Cicatrice, livre précédent de l'autrice m'avait laissé une forte impression, et je voulais voir si
Un amour allait suivre le même sillon.
Le titre déjà,
Un amour, mais où
Sara Mesa est-elle allée chercher ce titre, car il n'y en a pas trace dans le livre, ou alors je n'ai pu l'entrevoir. Ou bien était-il en creux dans l'histoire, dans les marges, dans les espoirs de l'héroïne, ou dans son passé ?
Nat, la trentaine, dont on ne connait rien, hormis le fait qu'elle travaillait en tant que traductrice commerciale et qu'elle a commis un vol non expliqué, part s'installer à la campagne dans une maison de village en piteux état, le propriétaire, antipathique à souhait, refusant de s'occuper de son entretien.
Il lui laisse, à sa demande, un chien étrange, qu'elle va parvenir à domestiquer et qui va prendre de l'importance dans la suite du roman.
Nat fait progressivement la connaissance de son voisinage, Piter, le "hippie" du coin, avec qui elle noue une relation impersonnelle, des gitans, un couple de personnes âgées un peu dérangées, et surtout "l'Allemand", un homme taciturne qui lui propose "d'entrer en elle" en échange de travaux de réparation de sa toiture.
La voici embarquée dans une histoire improbable et indéchiffrable avec cet "Allemand" qui ne semble pas prêt à lui donner quoique soit, ni mots, ni tendresse.
Sara Mesa installe d'entrée de jeu un climat glauque et malsain.
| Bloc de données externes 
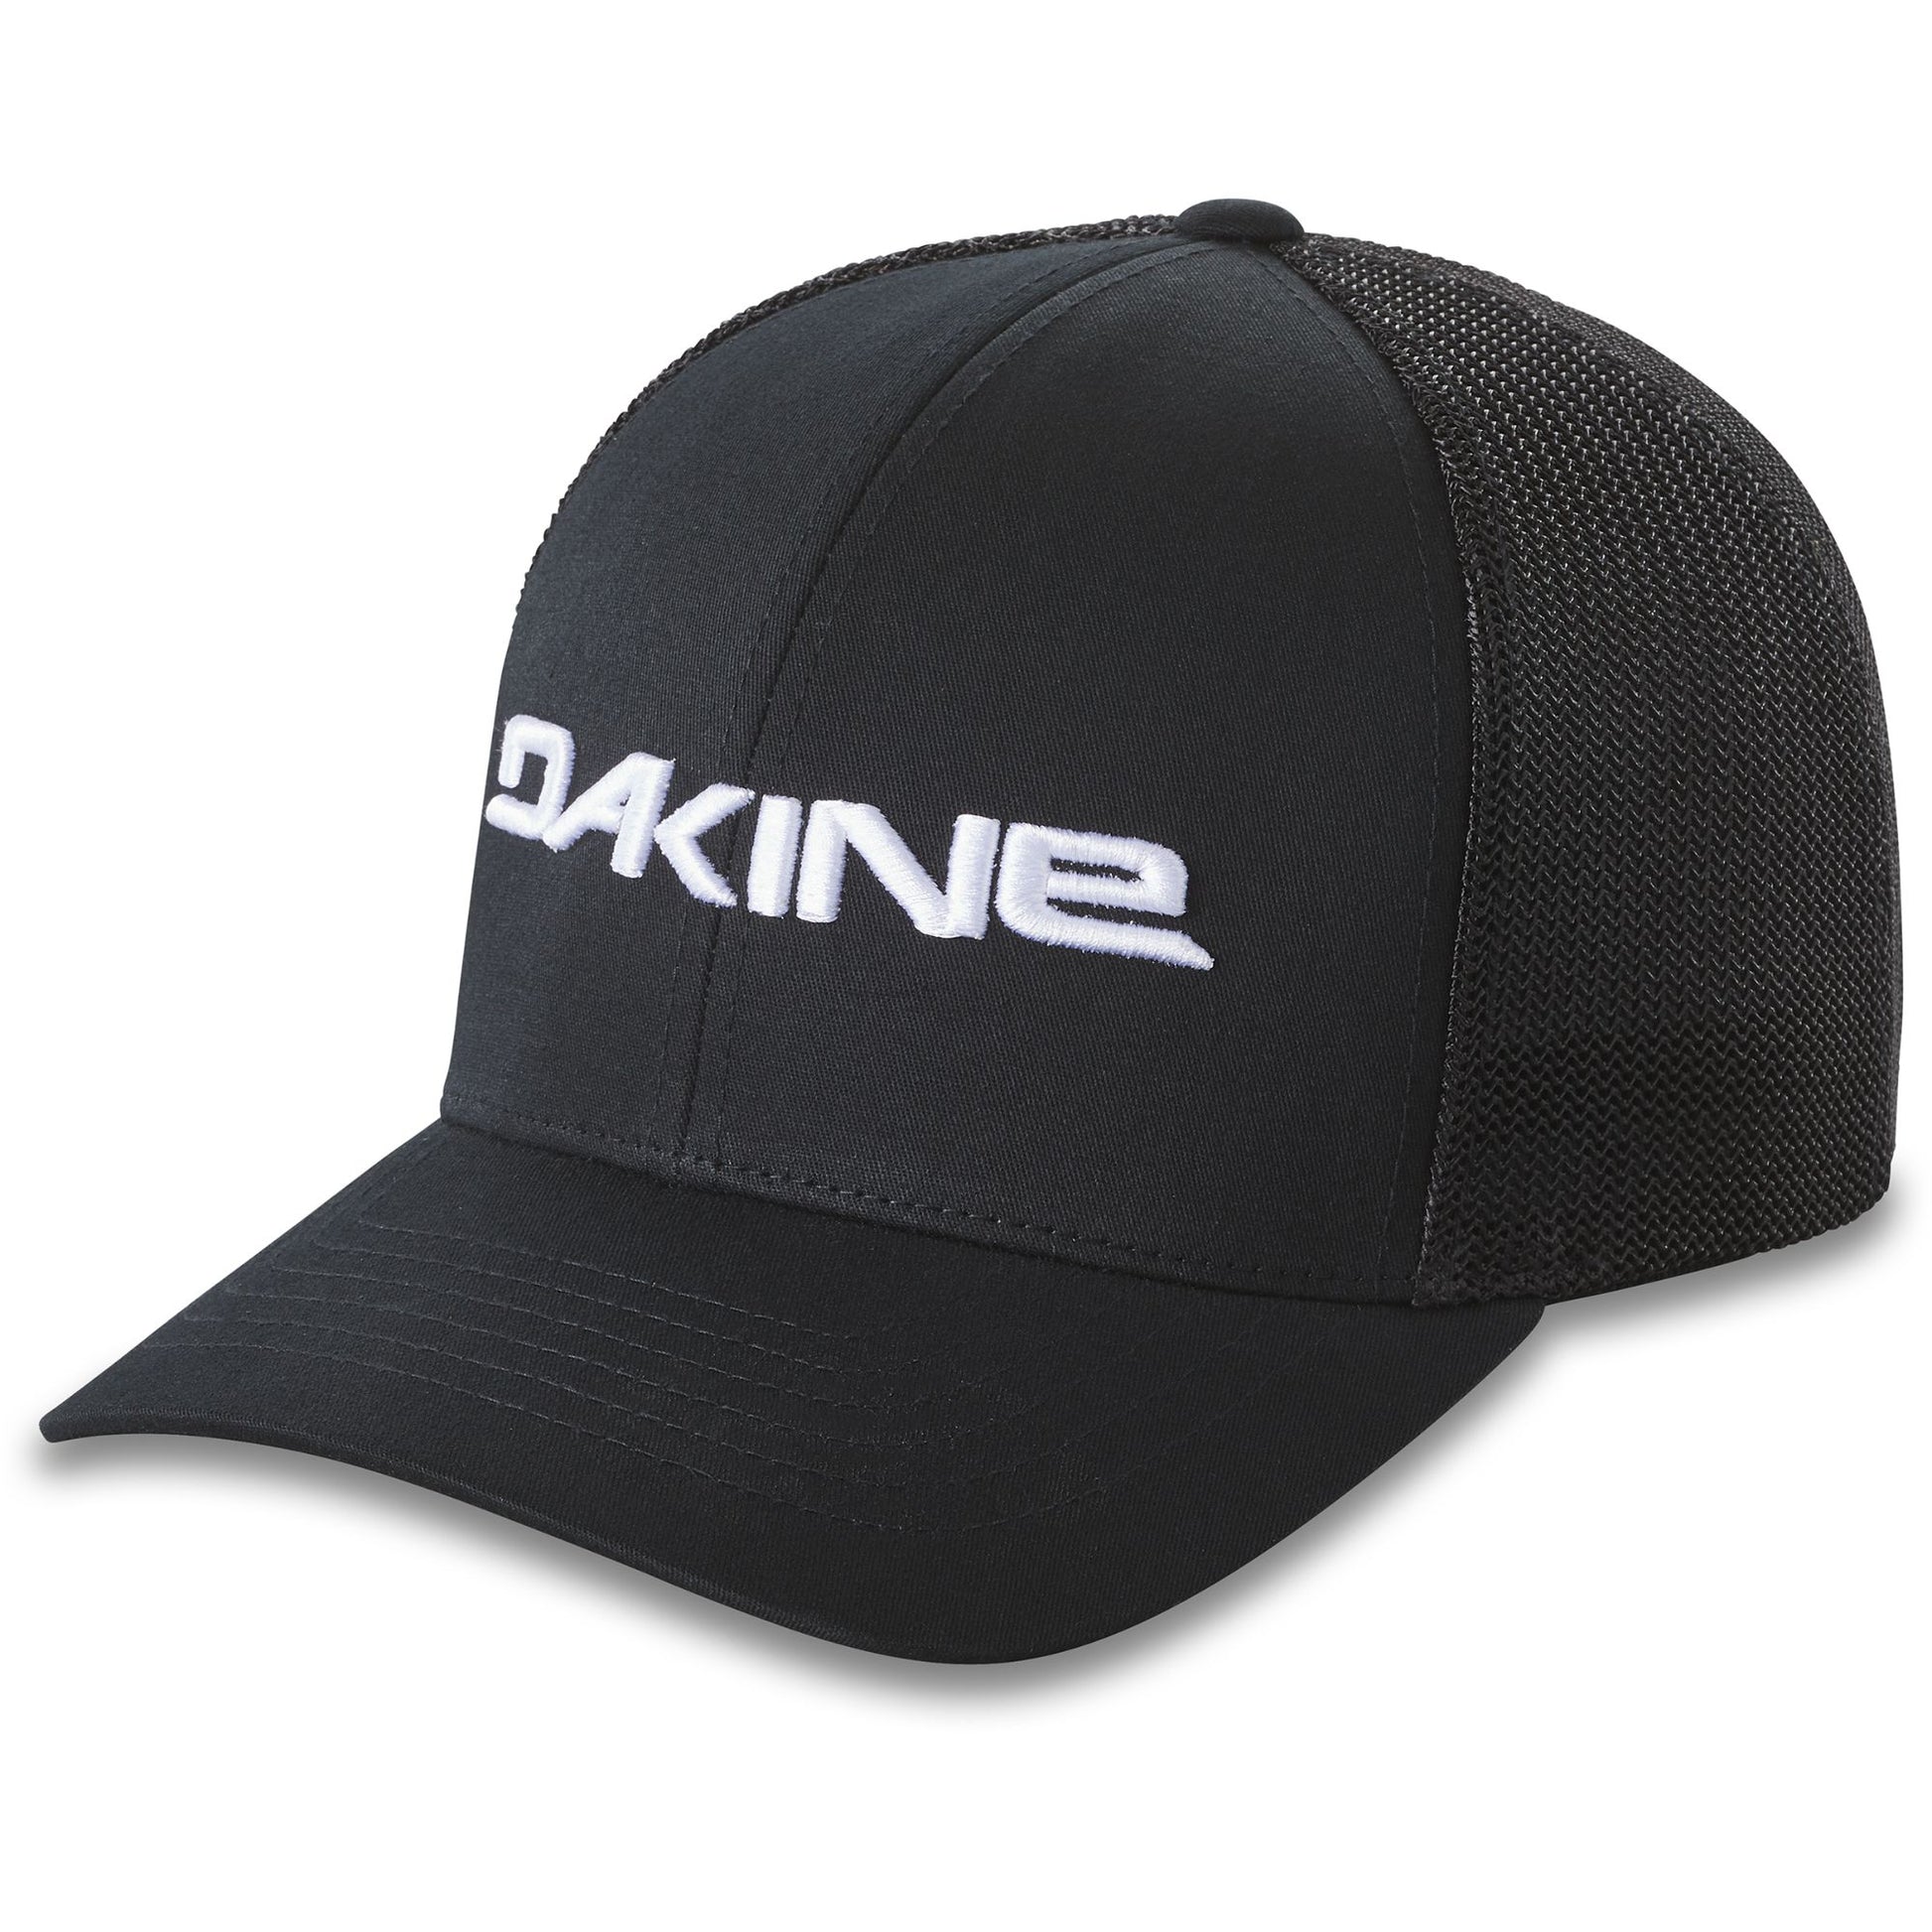 Dakine Sideline Trucker Hat –

Son héroïne, dont la quête est mystérieuse, est en proie à des démons, à une culpabilité envahissante. Ses relations sont teintées de crainte, de suspicion et de paranoïa, surtout avec les hommes en qui elle voit des prédateurs, mais dont elle peut aussi parfois se trouver sous la dépendance.
Nat semble avoir perdu ses repères ; elle navigue à vue et rêve une histoire imaginaire. Qu'est-elle venue chercher dans ce coin perdu de la Rioja, où les étrangers sont mal vus et où les ragots circulent vite ? Pourquoi cette citadine s'immerge-t-elle en milieu hostile ? Doit-elle racheter une faute impardonnable ?
La dynamique du personnage d'
Un amour rappelle celle de
Cicatrice. Des jeunes femmes sont prêtes à s'avilir, à s'oublier et à toucher le fond, dans le cadre de relations de séduction ambigües, pour mieux rebondir et en sortir éclairées et comme lavées de leur honte. Une démarche cathartique en somme...
Un roman puissant, âpre, dérangeant sur le thème de l'incommunicabilité.